Additionally, Aon Re Global said it expects plentiful reinsurance capacity in the Canadian market.
Aons expectations for Canada are in line with what is happening within the global reinsurance market as a whole. According to Aon, the drivers at play in the property catastrophe reinsurance market leading up to the June 1 and July 1 renewals include:
a nearly loss-free reinsurance year in 2006;
restoration of reinsurers’ capital bases;
significant participation in the catastrophe reinsurance business from non-traditional sources such as hedge funds, high net worth individuals, institutional money managers and the asset backed securities market;
US$10-$14 billion of reinsurer capital freed up as a result of additional reimbursement contract capacity provided through the Florida Hurricane Catastrophe Fund, a state-controlled agency that acts as a reinsurer of Florida residential risks;
US$8-$12 billion of reinsurer capital freed up or expected to be freed up from the actual and expected growth of a newly competitive Citizens Property Insurance Corporation, a state-controlled agency that acts as an insurer of Florida residential and commercial risks
substantial easing of a major rating agency’s capital requirements for insurers related to required capital for property catastrophe risks; and
reinsurers improving confidence in the revised catastrophe reinsurance models.
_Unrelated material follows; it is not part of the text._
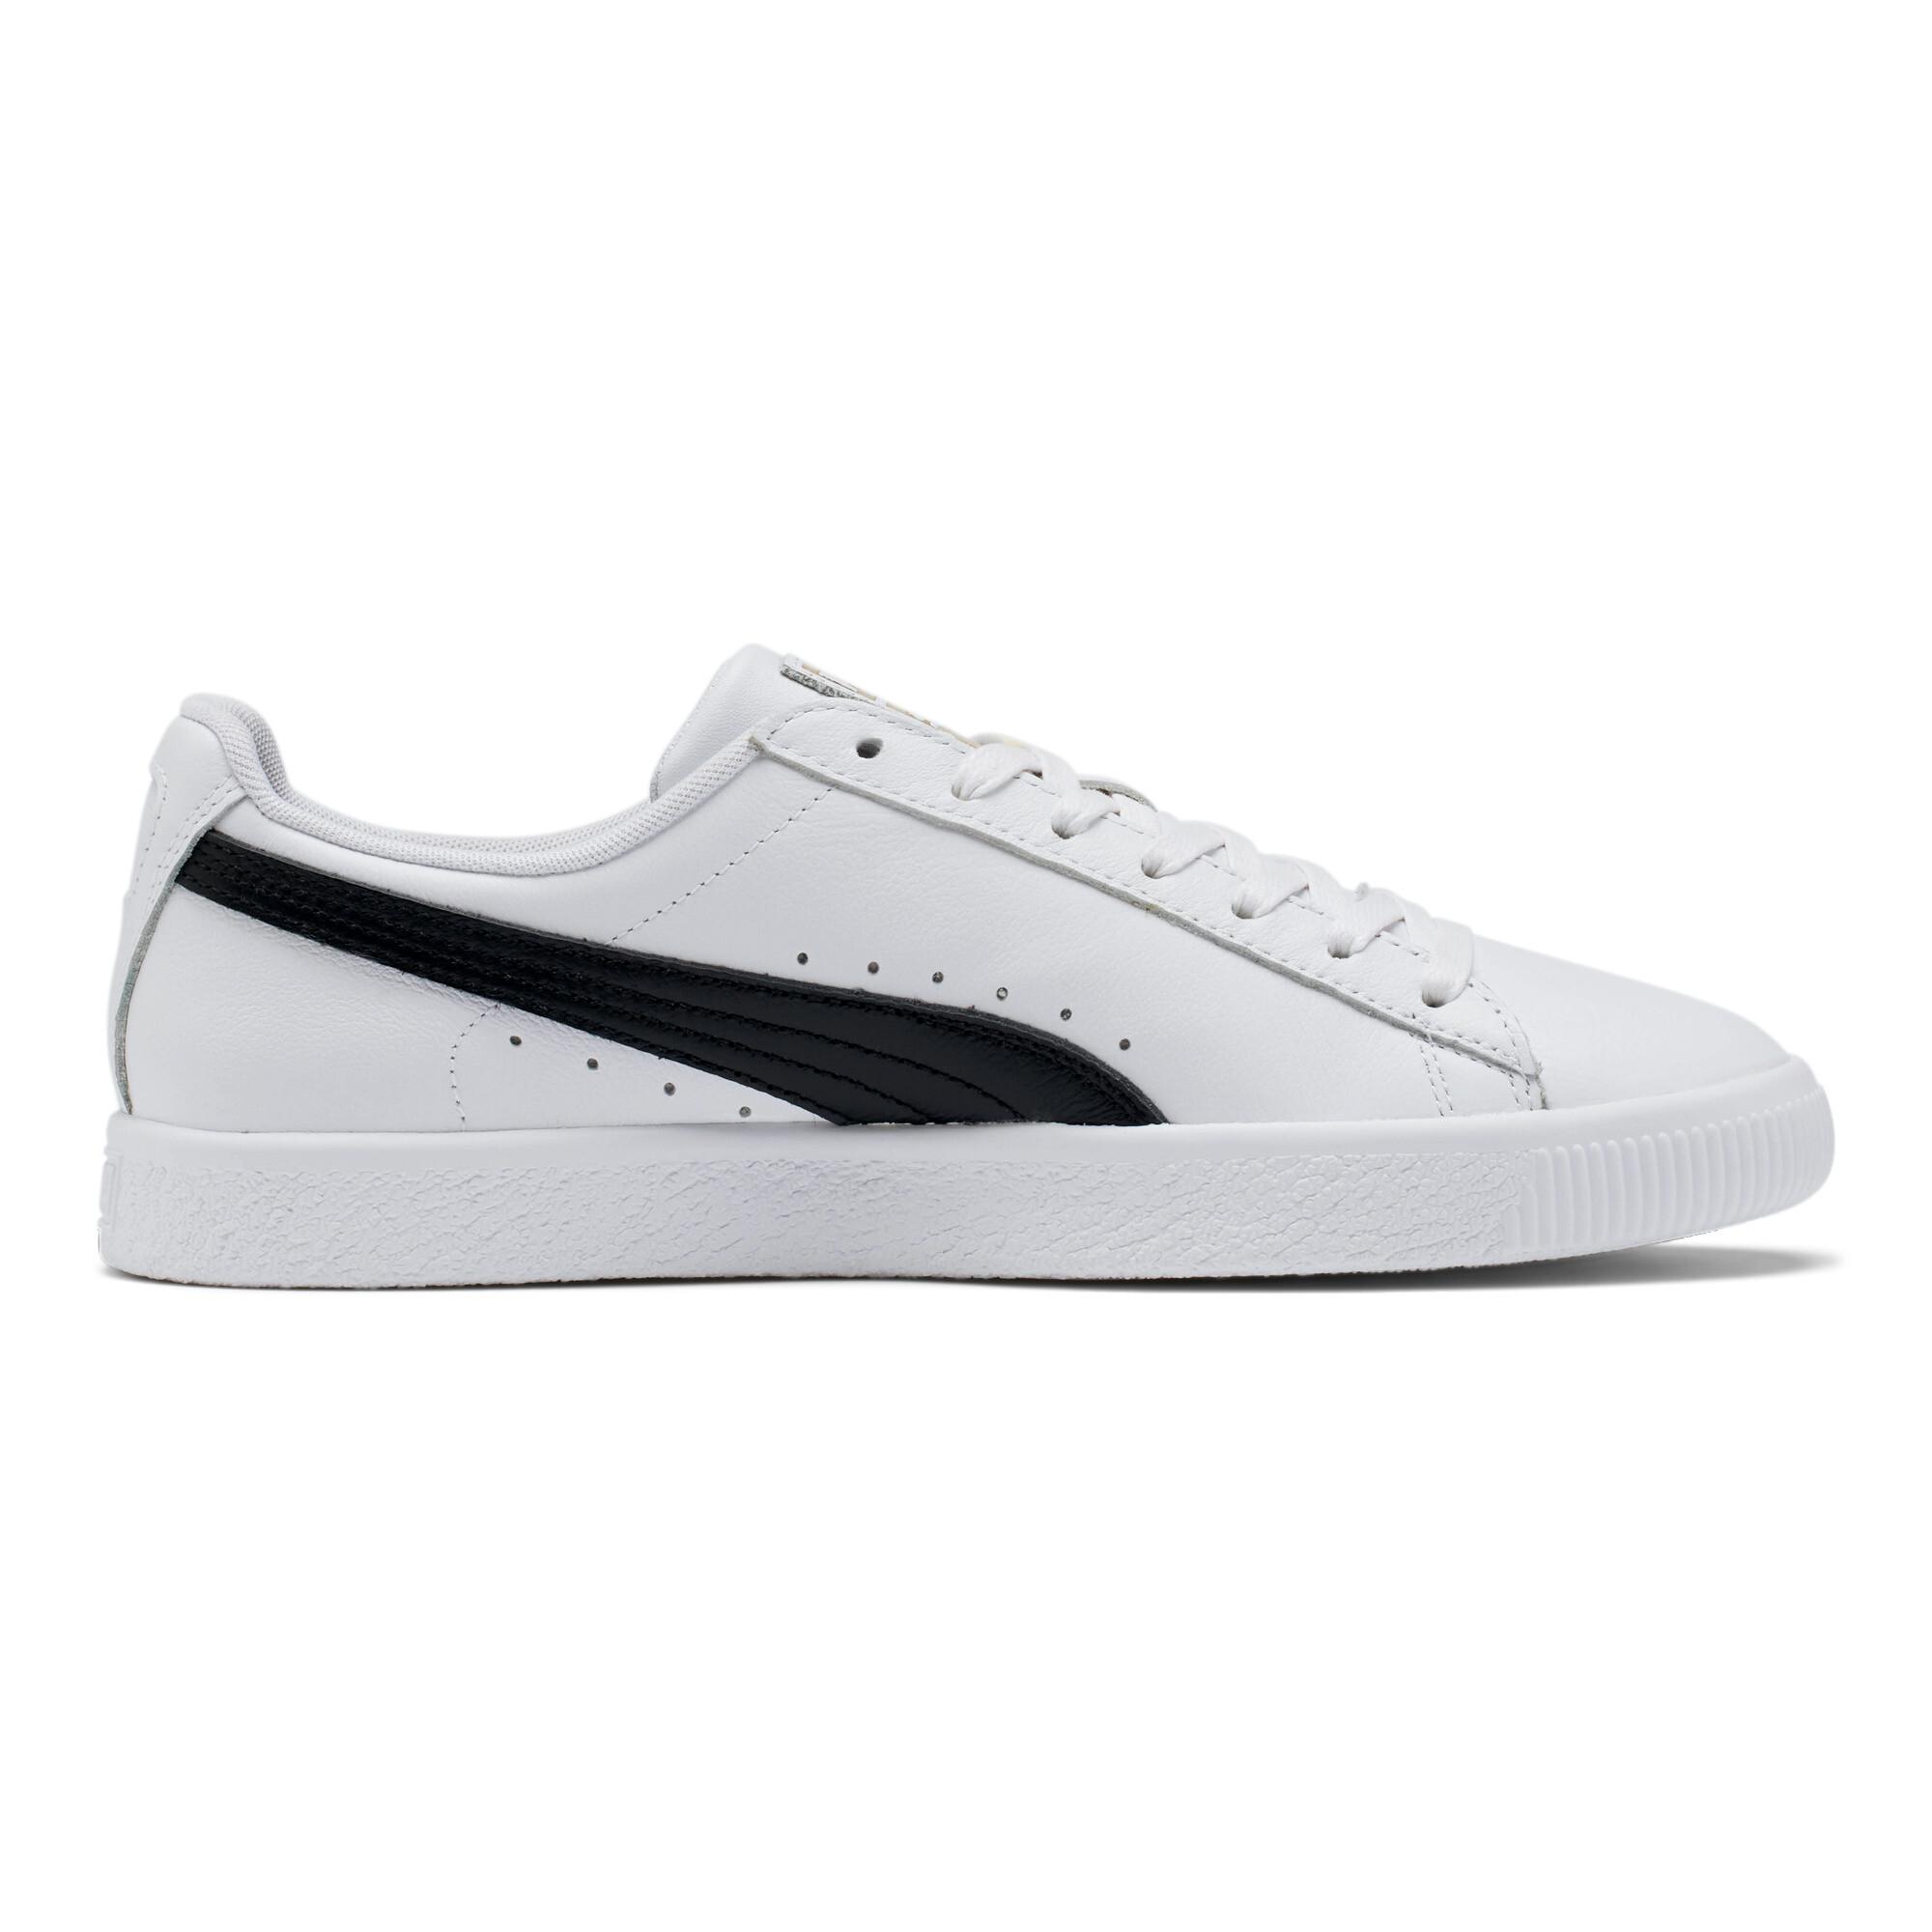 PUMA-Men-039-s-Clyde-Core-Foil-Sneakers thumbnail 16

Factors working contrary to these dynamics include:
increasing pressure for property catastrophe reinsurers to return capital to shareholders as market conditions soften;
the potential for reinsurance industry consolidation and related capital management measures that may reduce capital and capacity; and
expectations that non-traditional investors such as hedge funds will be disciplined as expected returns on collateralized products decrease in line with softening market conditions.